Madhya Pradesh which held the distinction for the highest numbers of tigers has reported 26 deaths of the striped cats, according to the figures of National Tiger Conservation Authority (NTCA). Last year the state had lost 28 tigers.
The highest number of tigers (3,421) were found in Madhya Pradesh, followed by Karnataka at 1,783 and Maharashtra 1,690.
However, the Tiger State could not contain the tiger mortalities this year as well as was the case in the last few years.
In a concerning sign, among the 26 deaths, the state lost 21 tigers inside the tiger reserves, protected areas notified for conservation of tigers and only five tigers died outside the protected territories.
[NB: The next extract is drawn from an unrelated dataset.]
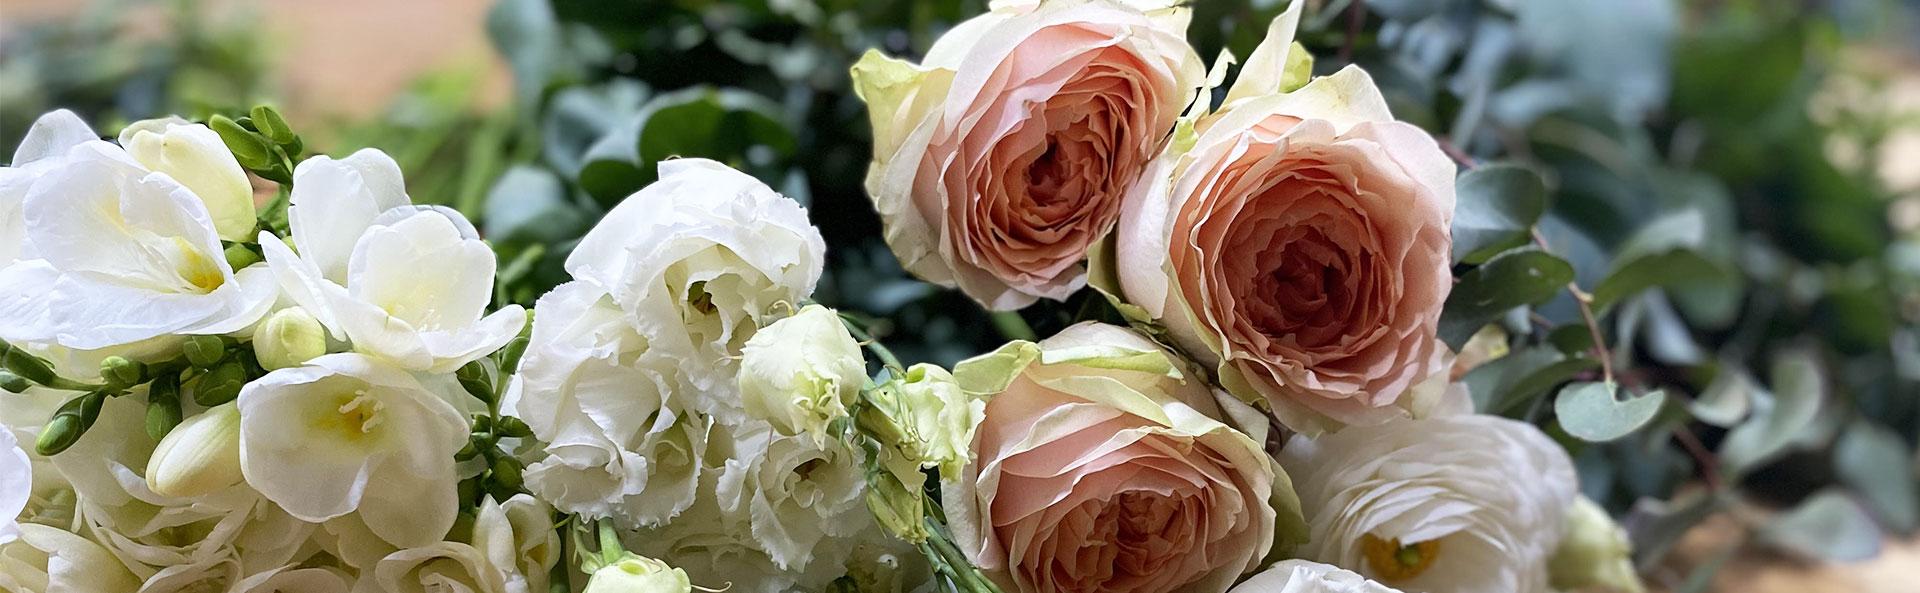 Fleuriste
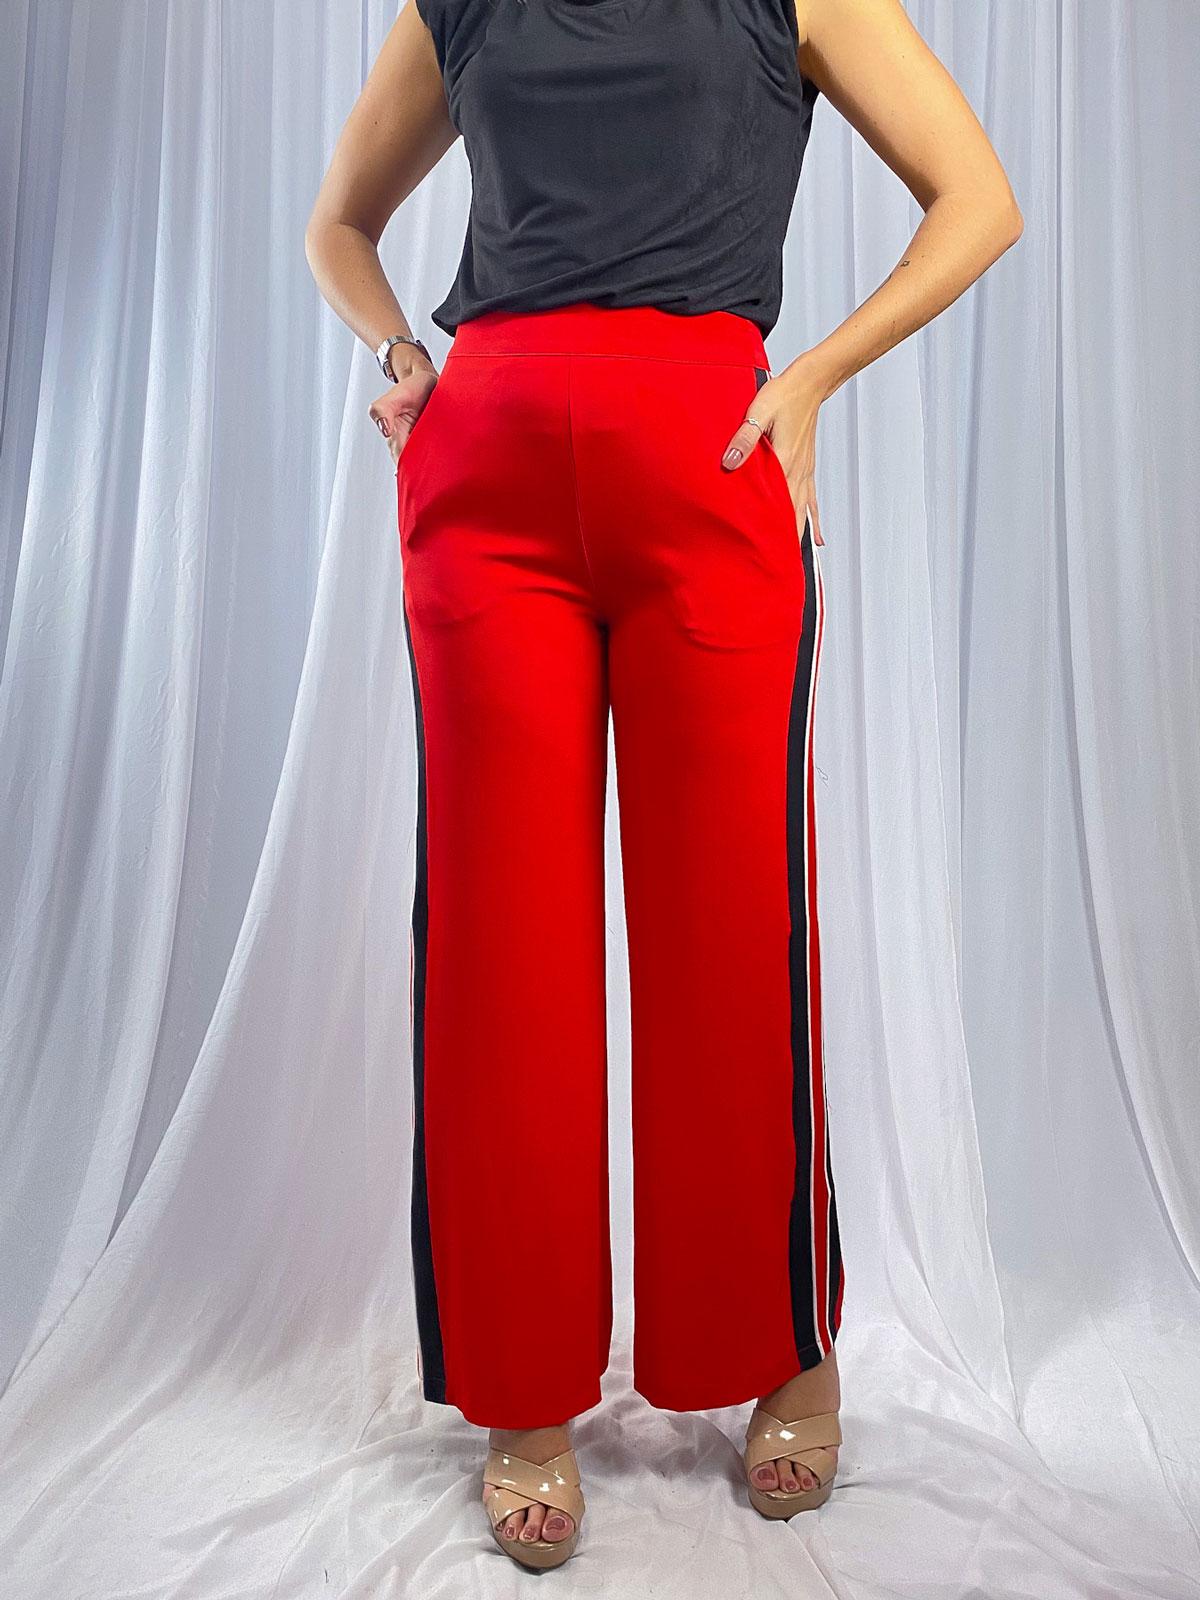 Pantalona Listra Lateral img2

MP had been under the scanner for high numbers of tiger mortalities in last few years. A report from Ministry of Forest, Environment and Climate Change released in June this year, the country lost 750 tigers since year 2012 and there were few surprises as MP topped the ignominious list by reporting 173 casualties in the period.
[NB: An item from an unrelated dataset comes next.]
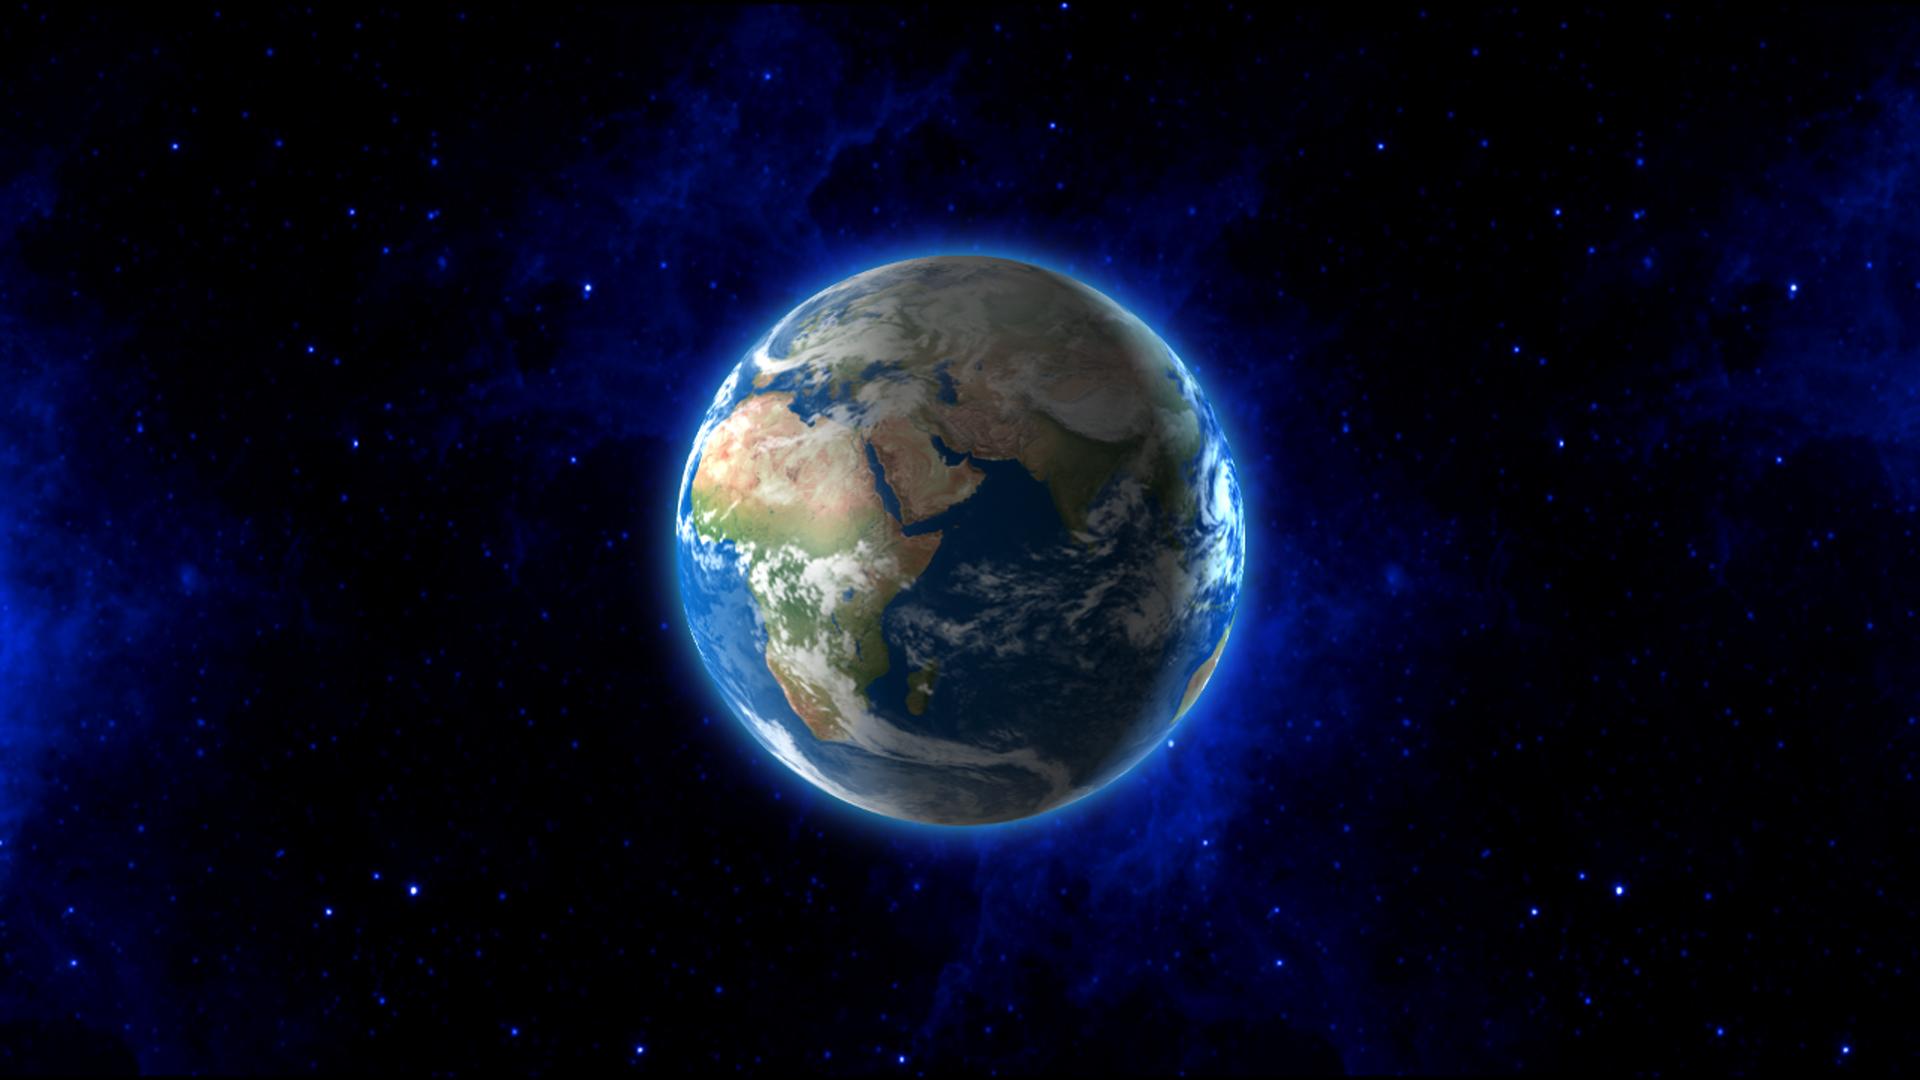 Earth HD Wallpaper - WallpaperSafari

The number of deaths recorded in 2019 are more than double as compared to 2018, when MP lost 13 tigers.
Madhya Pradesh was the biggest home to Royal Bengal Tigers by 20th century, but later Karnataka got the title of 'Tiger State' in 2010. The tiger count had shrunk to mere 257 by this year in the central Indian state. The state regained the coveted tag in year 2018 (526) but was only two more than Karnataka which narrowly lost the crown to the central Indian state.
Forest minister Vijay Shah in a recent interview had said that death rate of the tigers was lesser than the birth rate of big cats in last few years.
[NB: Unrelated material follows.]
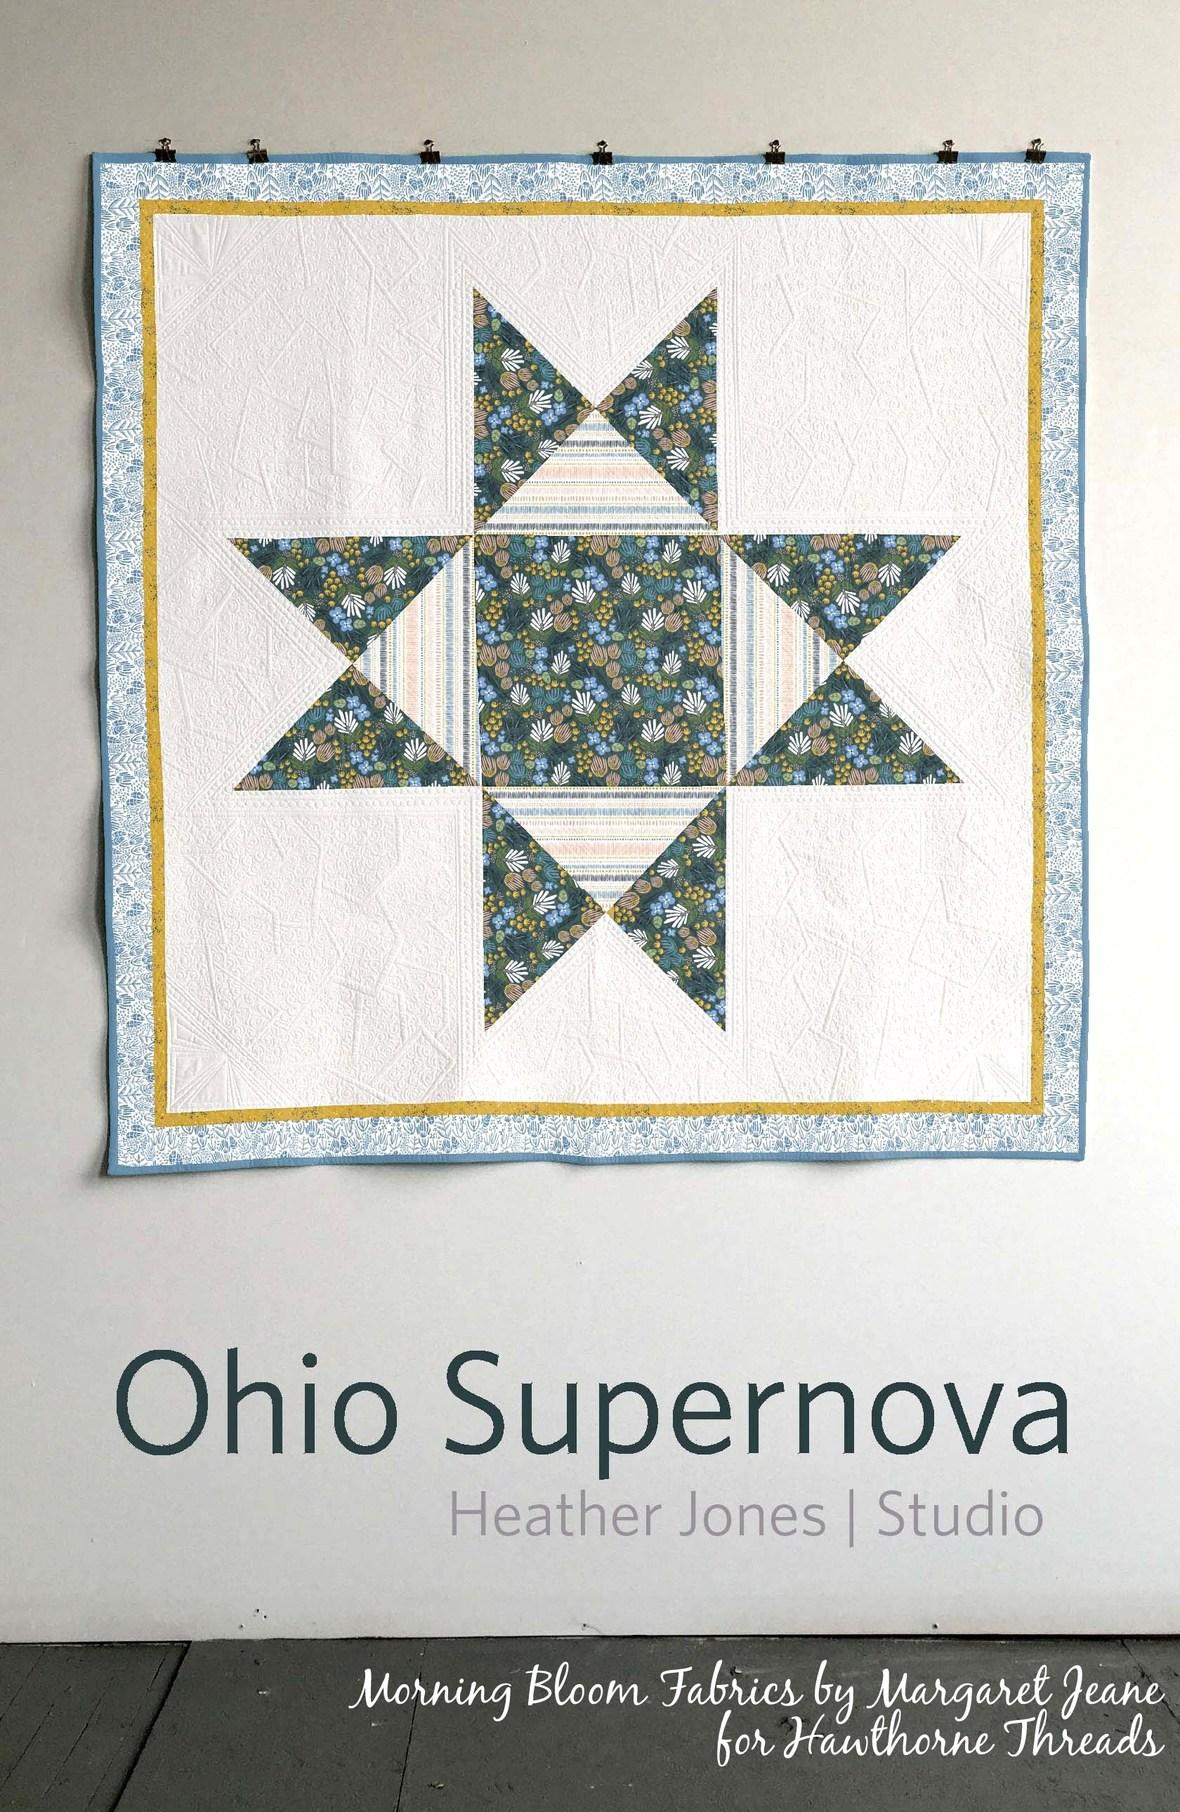 Ohio Supernova by Heather Jones C

“Saying that MP has 124 tiger cubs which were not counted so the state will have in excess of 600 tigers during the next census,” the minister had claimed.
A senior wildlife activist working in Madhya Pradesh claimed that mortalities can’t be dubbed as abnormally high as we are facing a surge in big cat numbers in the state. The activist however cautioned governments over growing pressure on forests especially due to land rights being given to locals.
“You can’t talk about growing tiger numbers and settling locals in their habitations in large numbers,” said the activist calling for checking growing human intrusion into the forest areas for reducing big cat-human clashes.
India has 7,910 leopards as per the estimates of 2014 which increased to 12,852 in 2018, a report recently released by the Ministry of Environment and Forest says.